HumanFemale1 · 10/11/2020 13:23

metro.co.uk/2020/11/08/doreen-100-wants-to-die-after-eight-months-isolated-in-care-home-13558744/

What we're doing to elderly people in the name of saving them will be seen as a disgrace and elderly abuse by future generations.

OP posts:
Olmec8 · 10/11/2020 13:32

Of course it's inhumane. You'll get people responding who try to justify it but it's unjustifiable. The emphasis on quantity of life over quality of life is completely skewed in the wrong direction.

RegularHumanBartender · 10/11/2020 13:35

She doesn't have covid though, and you need to remember that covid is all that matters.

TheDailyCarbuncle · 10/11/2020 13:35

But the vulnerable must be protected!

Only from covid, nothing else of course. Because covid deaths count, deaths from despair and loneliness don't.

FreezeFloodlit · 10/11/2020 13:47

I do think in this sort of situation it should be more of a personal choice and people should be allowed to take risks if they want, if there could be a way to organise it so that people who don't want to take the risk can be largely unaffected.
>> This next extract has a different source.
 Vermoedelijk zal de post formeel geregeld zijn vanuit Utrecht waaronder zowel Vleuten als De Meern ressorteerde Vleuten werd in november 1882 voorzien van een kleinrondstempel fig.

It is quite obviously counter productive to (perhaps) extend a very elderly person's life by a relatively short time using measures that make them utterly miserable for that time. But it's a sliding scale and presumably there are other people in the home so that also needs to be considered.

My MIL finally had to go into a care home this summer due to Alzheimer's. She was originally only supposed to go in for respite care but quickly deteriorated and will not come home again now. She knew who DH was before she went in, but she's got a lot worse now and she wouldn't know him now. He hasn't been allowed to visit her once and although FIL has been to see her a few times even he isn't allowed any more.
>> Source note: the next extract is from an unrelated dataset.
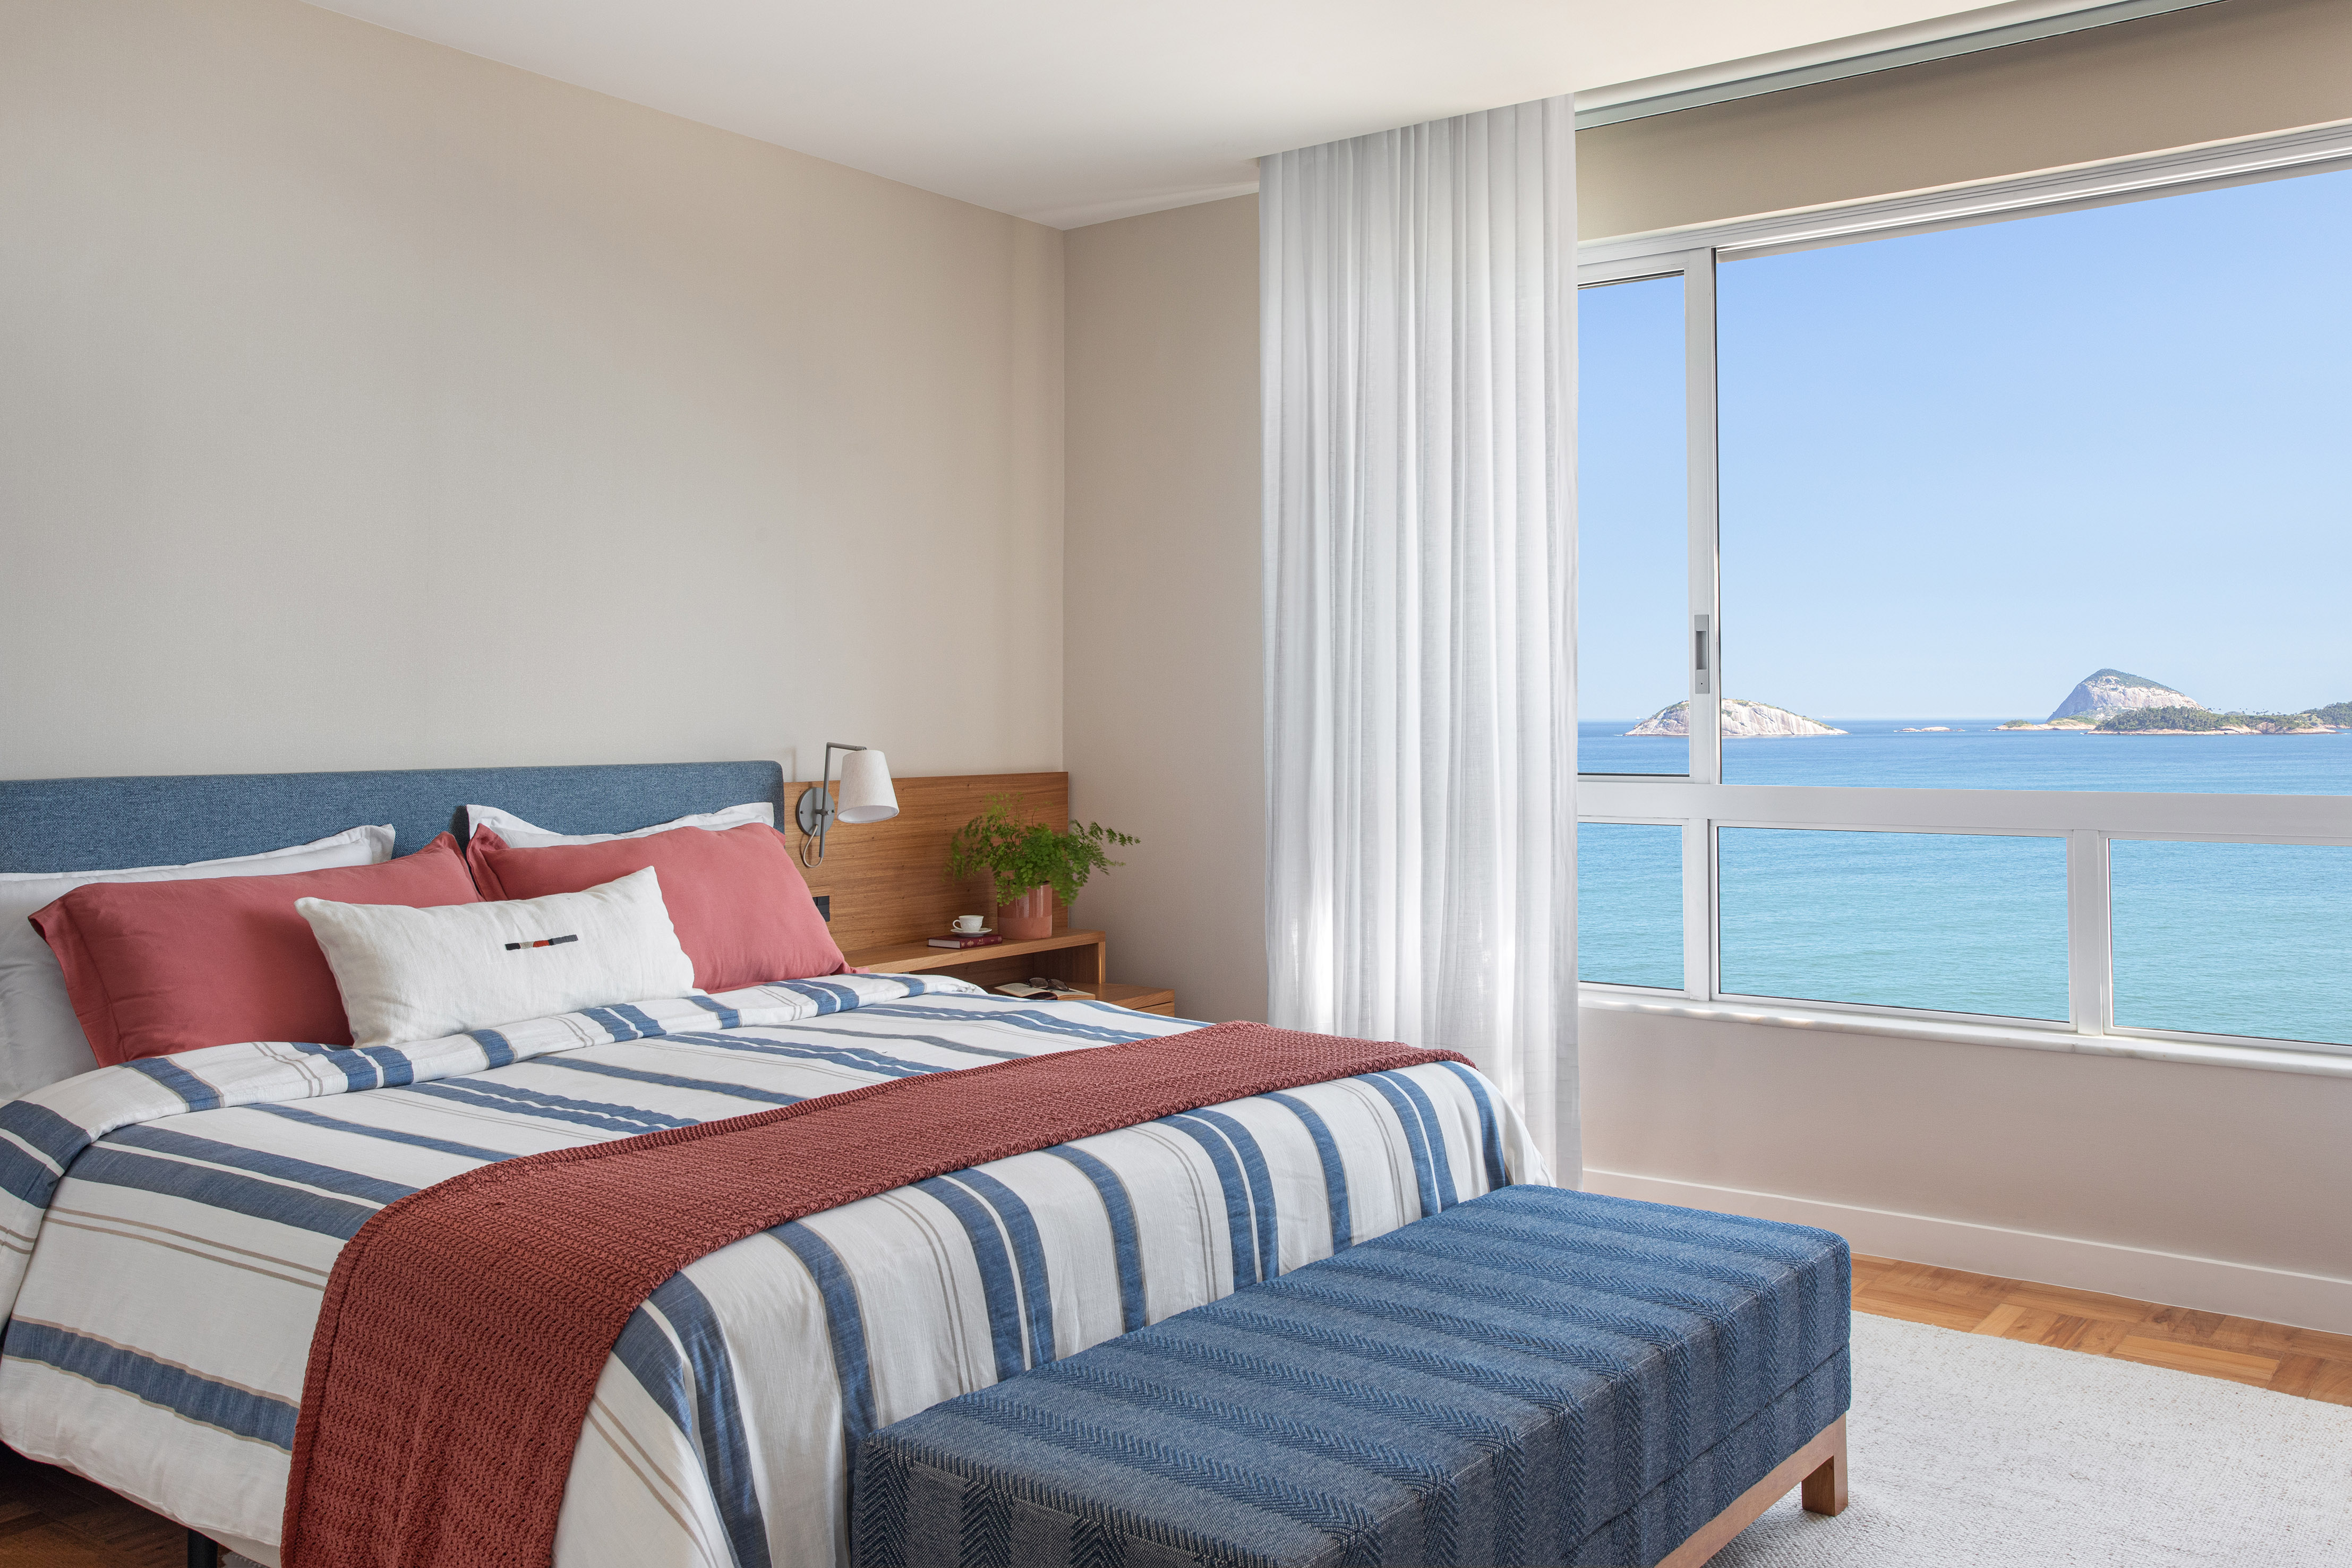 Marcenaria multifuncional caracteriza apartamento com vista para o Cristo. Projeto de Escala Arquitetura. Na foto, quarto de casal com cabeceira azul e vista para o mar.

It's a terminal illness, she's not going to get better and she and her husband and children have been robbed of that last chance to have a real connection. She's getting great care from what it seems, but is unable to use phones or Skype or anything and without seeing her family we think she has lost that connection quicker than she otherwise would have. Of course it's a horrible disease in any circumstances and this situation was always going to come eventually but this has felt so particularly cruel. I'm not sure if there was any way to avoid it other than FIL trying to continue to care for her at home, but that really wasn't an option.

Choirbells · 10/11/2020 14:10

But if people have the choice, then they are putting others at risk, not just themselves.

Fanofromanticseries · 10/11/2020 14:27

It's wrong. What can we do about it?

HumanFemale1 · 10/11/2020 15:47

@Choirbells

But if people have the choice, then they are putting others at risk, not just themselves.
Not if those others have a choice. If someone in a care home wants to receive visits obviously their family and friends who are coming to visit are aware of the risks too and are still consenting to the visit...
OP posts:
LemonTT · 10/11/2020 16:12

The staff and other residents are not consenting to the risk.

countrygirl99 · 10/11/2020 16:20

@LemonTT does the 100 year old lady get to consent to loneliness an despair? I've seen in my own family (DH and I have all parents slive aged 82 to 93) how isolation has impacted the frail elderly and it's lead to hospitalisation, a very close shave with death and permanent damage. Every one of our parents has lost mobility or slipped into apathy about life due to being stuck at home.

Dablikeacrap · 10/11/2020 16:23

My beloved neighbour passed away last week.
The last 6 months of his life were miserable and lonely thanks to COVID (I visited him regularly throughout though). He prepared his will with a solicitor standing on his doorstep. He died alone after having no visitors in hospital for the few days he was there. We can’t give him the funeral he deserves. It’s absolutely heartbreaking.

Isadora2007 · 10/11/2020 16:29

What is the alternative? It’s heartbreaking but you can’t allow visits in for one person at the risk of others and workers catching covid...
I wonder if her family HAVE actually offered or asked to have her home.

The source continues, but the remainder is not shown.